The only explanation of its intent in the readme is that it was created "in order to offer an easy way to write portable code for the iOS and Android platforms." I think the parent comment was pointing out, in a sideways manner, that they didn't need to create a new language to do that, so it's somewhat mysterious what this is actually meant for.
The parent comment said 'strange...' as if they had claimed that nobody had done it before, and therefore it was strange how he was doing it. But they hadn't claimed that. So what is strange? If a new bakery opens in my town I don't say 'strange... I've been buying bread for years'. It's an alternative offering. You may say it's not necessary, but it's not strange. That just doesn't make any sense as a snarky remark in this situation.
If somebody asked why Hypothetical Dave opened a bakery and Dave answered "So this town would have a source of bread," I think it would be reasonable to find that strange. He isn't explicitly saying nobody has done it before, but the answer is weird if it's already been done.
I mean, creating an unnecessary programming language isn't strange — it's extremely common, and some are even good. But providing a rationale for creating the language that doesn't explain why you created the language is a bit odd, isn't it?

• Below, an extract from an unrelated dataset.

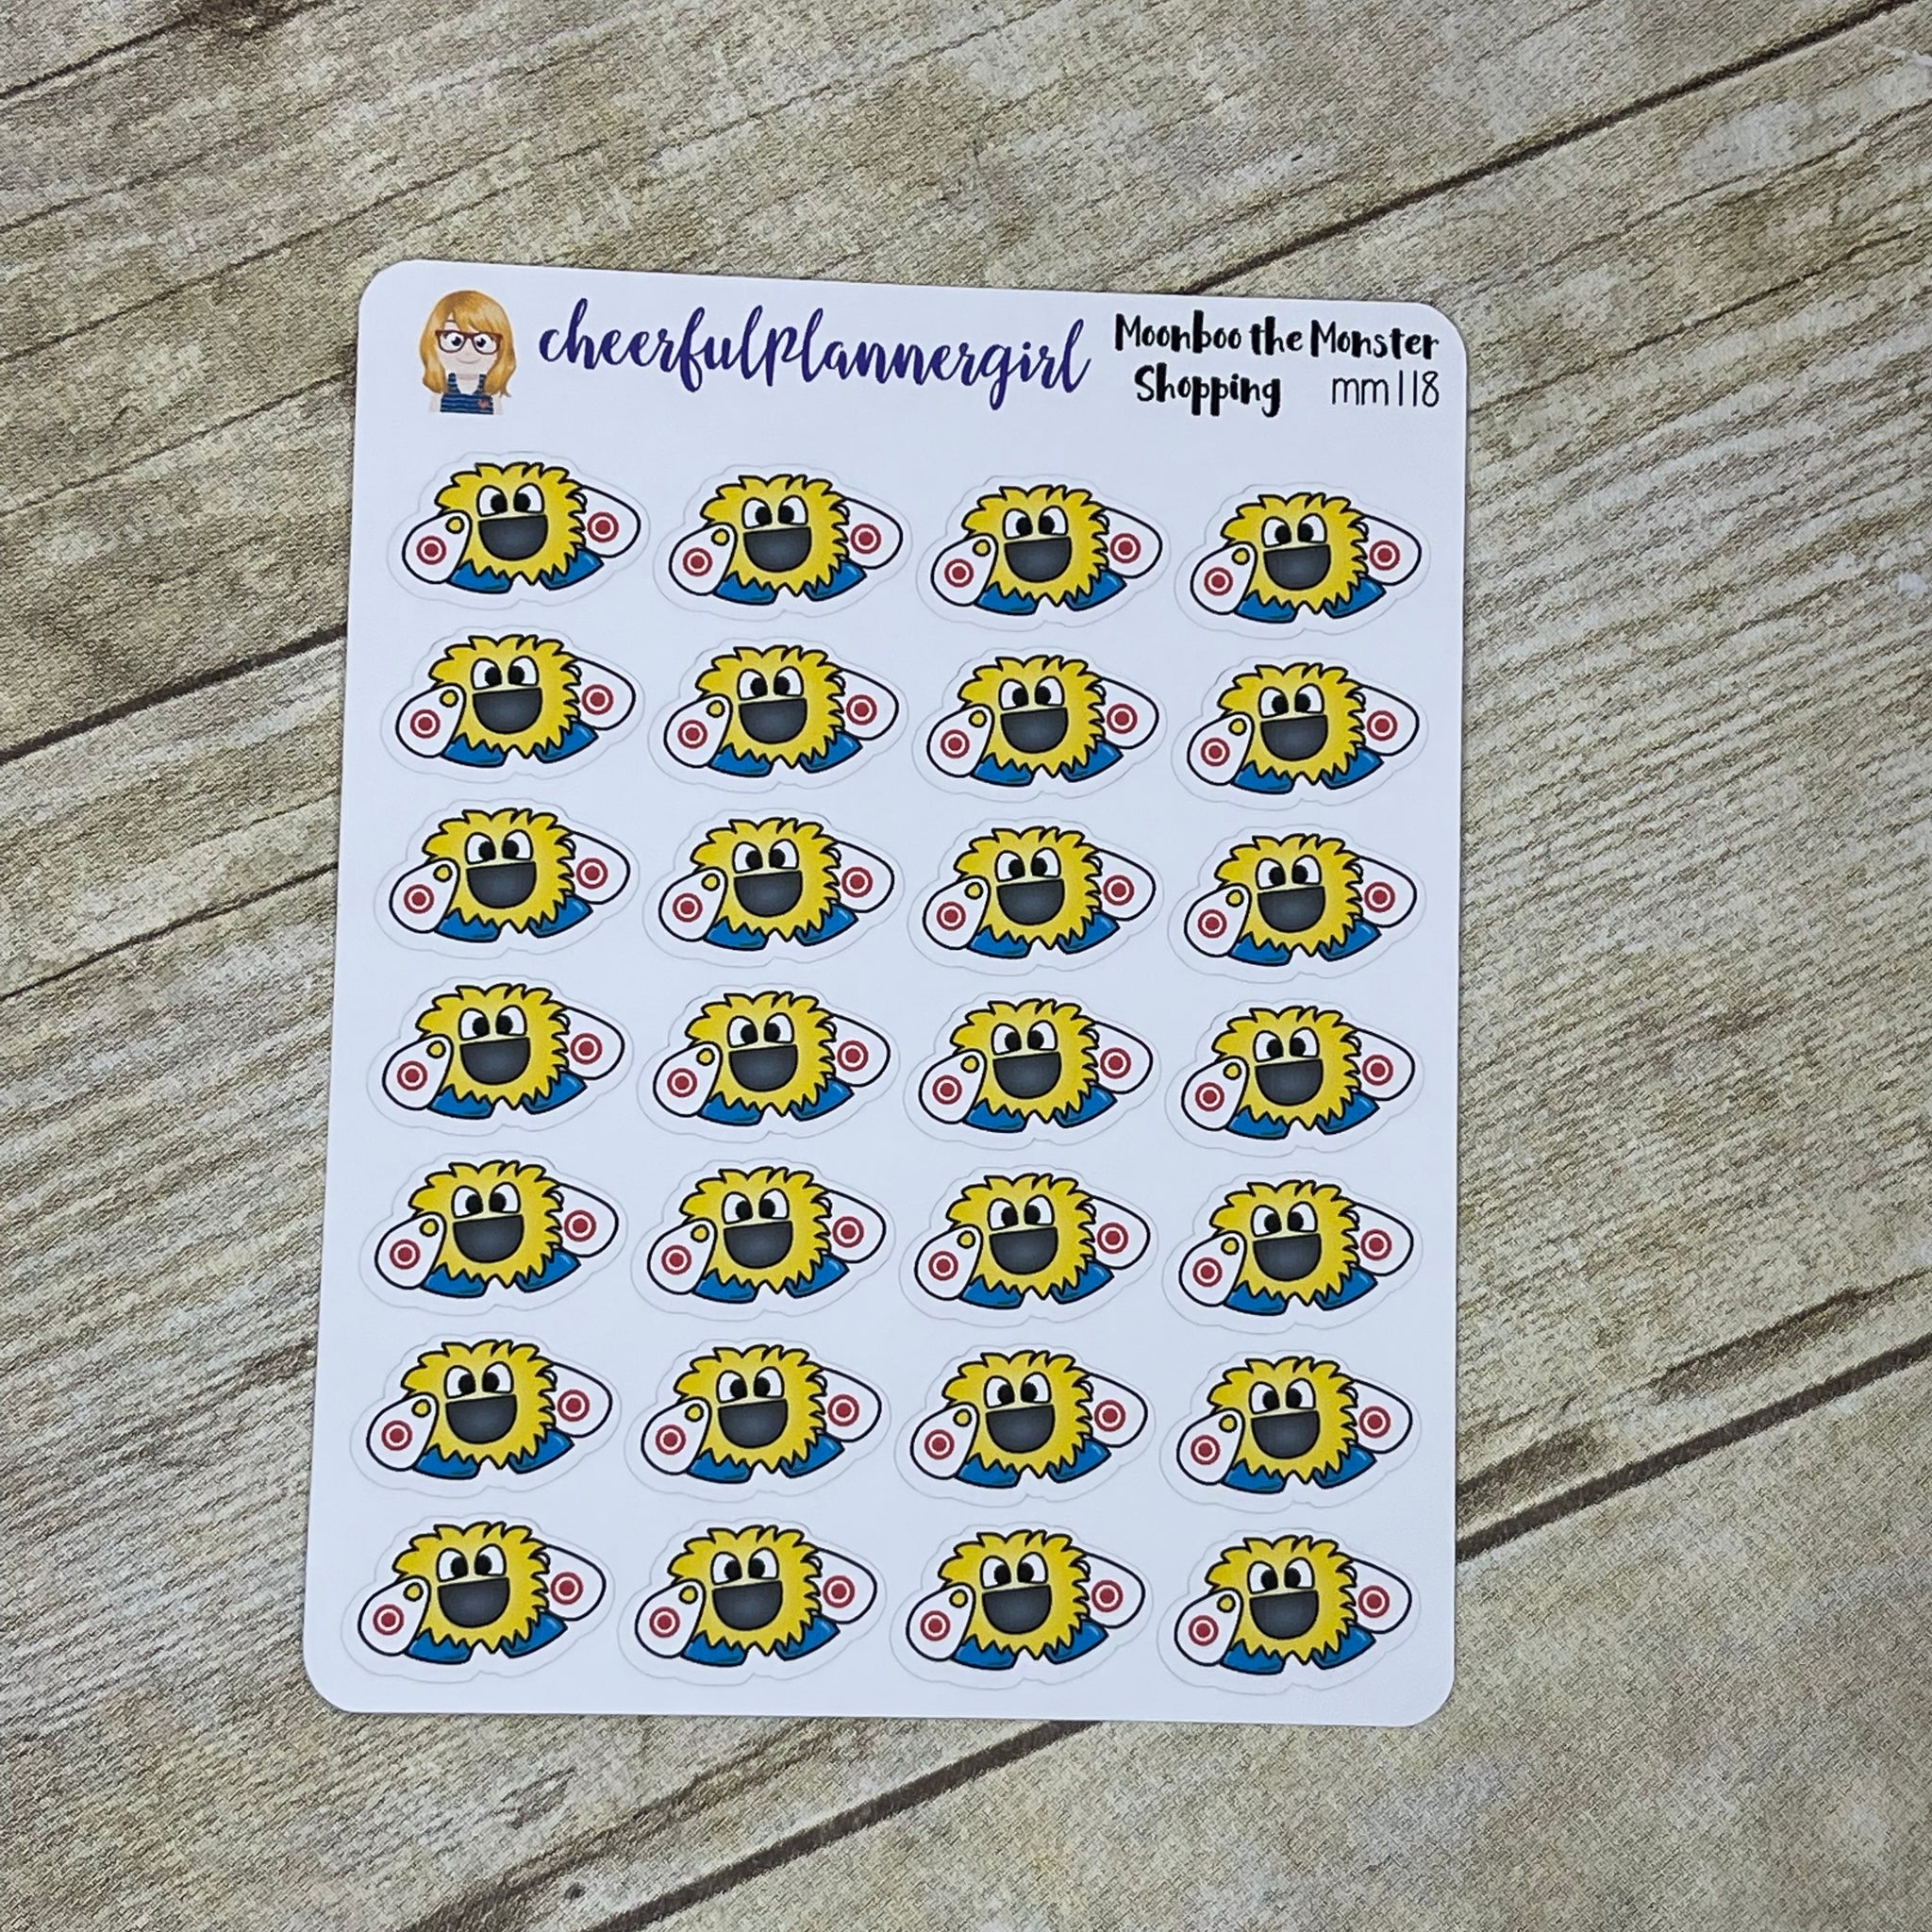 Shopping Moonboo the Monster Planner Stickers

I think the main value of this project is hidden under the "internals" link of the site. It discusses the construction of the language. Although it is incomplete as of now - hopefully the pages get filled up.
Since you asked: This comment is pretty insubstantial. There's no comment on what's good or interesting about this language, just "really loving what it's putting down," which is pretty inscrutable as praise goes.
Can only speculate about the downvotes that perhaps "putting down" is being read in its traditional meaning, which might give your whole note a sarcastic feel. Other than that, I have no idea.
// a represents a range with values 1,2,3
var a = 1...3;
// b represents a range with values 1,2
var b = 1..<3;
Ah! I wish they had gone for 1..3 and 1>..3 and 1..<3 and 1>..<3 to make it easy to understand. The above would map to [1,2,3], [2,3], [1,2] and [2] respectively.
Range operator quirks with ... and .. have to today be memorized and waste developer seconds that add up to man-years.
For those being negative about "yet another programming language," try creating a lang sometime...it's a fantastic exercise and, in the very least, will make you a much better programmer.
This isn't some hobby project. This is a commercial offering, submitted to HN by the corporate account of the company that created it. I don't see why anyone should hold it to hobby project standards.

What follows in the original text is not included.